Next steps for implementing (and mitigating) California's new science standards

Paul Bruno

Paul Bruno

I have been highly critical of the Next Generation Science Standards (NGSS) for their vagueness and lack of rigorous scientific content. Now that those standards have been adopted by the State of California, what can be done to mitigate those weaknesses during implementation at the national, state and local levels?

Nationwide: Clarify the standards by pushing for assessments that require specific scientific knowledge

Compared to California’s previous standards, the new science standards were designed to place relatively more emphasis on “scientific practices” – like asking questions and defining problems – and relatively less emphasis on factual scientific knowledge. Consequently, much important scientific content is omitted from the standards and much of what is present is stated only vaguely.

As a result of these design choices, there will be pressure on assessment consortia to create assessment items that do not require much actual scientific knowledge because it would be unfair to assume that students have learned content that is not included in the new standards. It may be possible to design relatively content-free test items that engage scientific or engineering problem-solving abilities, but such items are likely to be only minimally rigorous.

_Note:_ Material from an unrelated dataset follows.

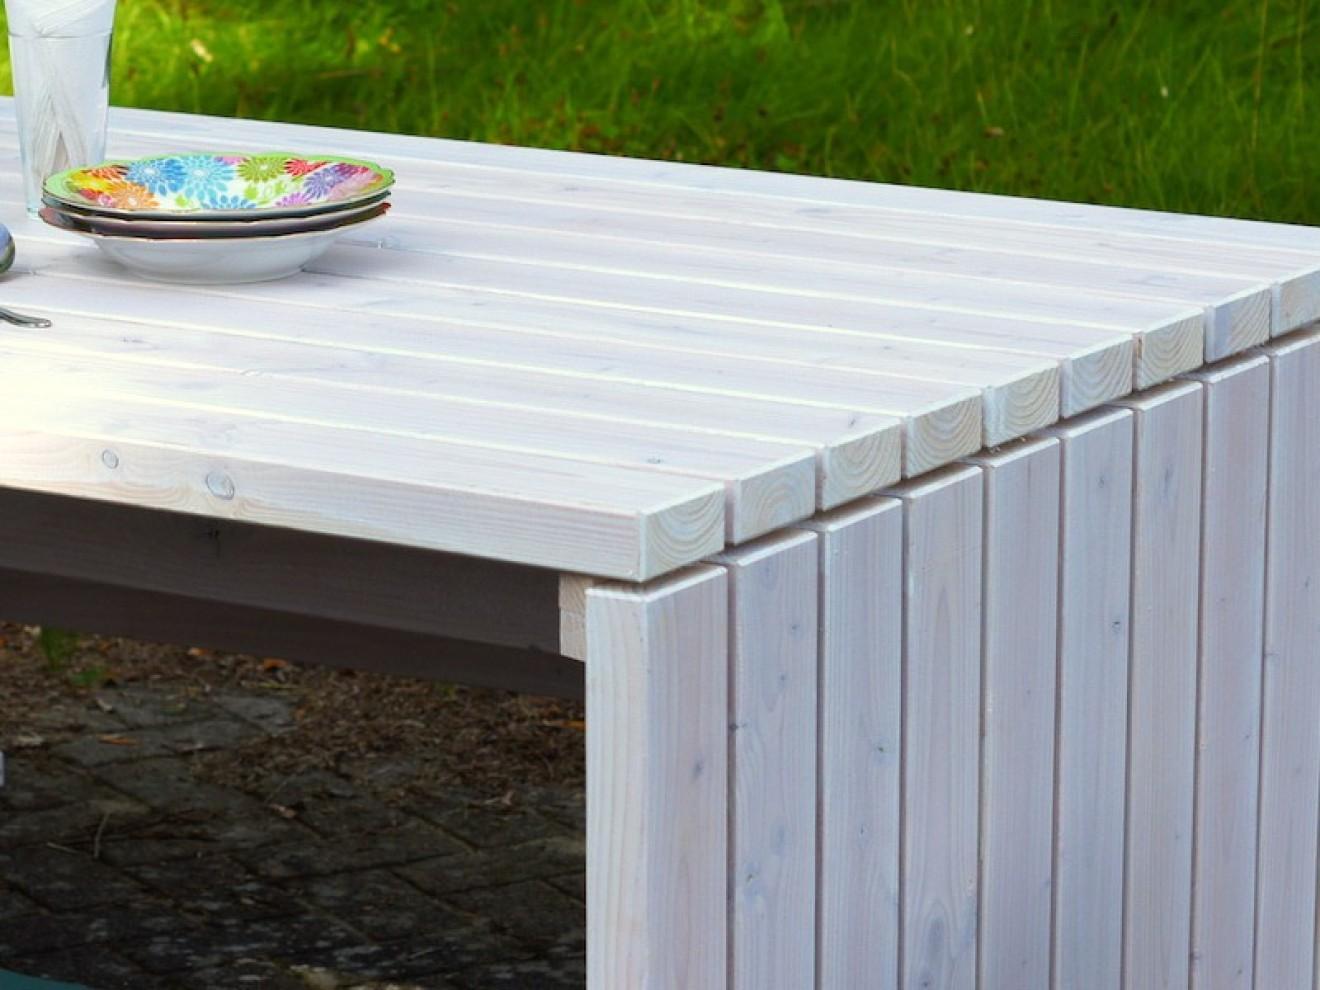 Stehtisch - Zeitlose Gartenmöbel aus heimischem Holz

For example, the new standards state that by the end of middle school students should be able to “develop and use a model to describe why [genetic mutations]…may result in harmful, beneficial, or neutral effects,” but the standards do not specify which – if any – genes, proteins or traits students should know about. A test that requires students to “model” the effects of mutations without knowing about any particular mutations is difficult to imagine at best and if the assessments require no specific knowledge, that knowledge is less likely to be taught.

Instead, assessment designers should begin by defining the knowledge that will be required to perform successfully on NGSS assessments. For the aforementioned genetics standard, this might mean clarifying that assessments will require students to have some basic knowledge of, for instance, the genetic bases of sickle-cell disease or cancer.

It will no doubt be a challenge to convince all participating member states to adopt common interpretations of often vague or ambiguous standards. The alternative, however, is assessments that include content unpredictably if at all.

Statewide: Use the science framework revision to clarify the standards

The Science Framework for California Public Schools is a document intended to help educators and policymakers interpret and implement the state’s science content standards. The framework’s importance is easy to underestimate because California’s previous science standards were sufficiently clear that teachers rarely felt the need to reference it.

That is likely to change under the new standards, which frequently fail to specify the knowledge students will need to possess to succeed on assessments or in subsequent science courses. While it would be ideal if the standards document itself possessed this clarity, the framework has the potential to substantially improve the standards by articulating the facts and concepts students should master at each grade level or within each scientific discipline.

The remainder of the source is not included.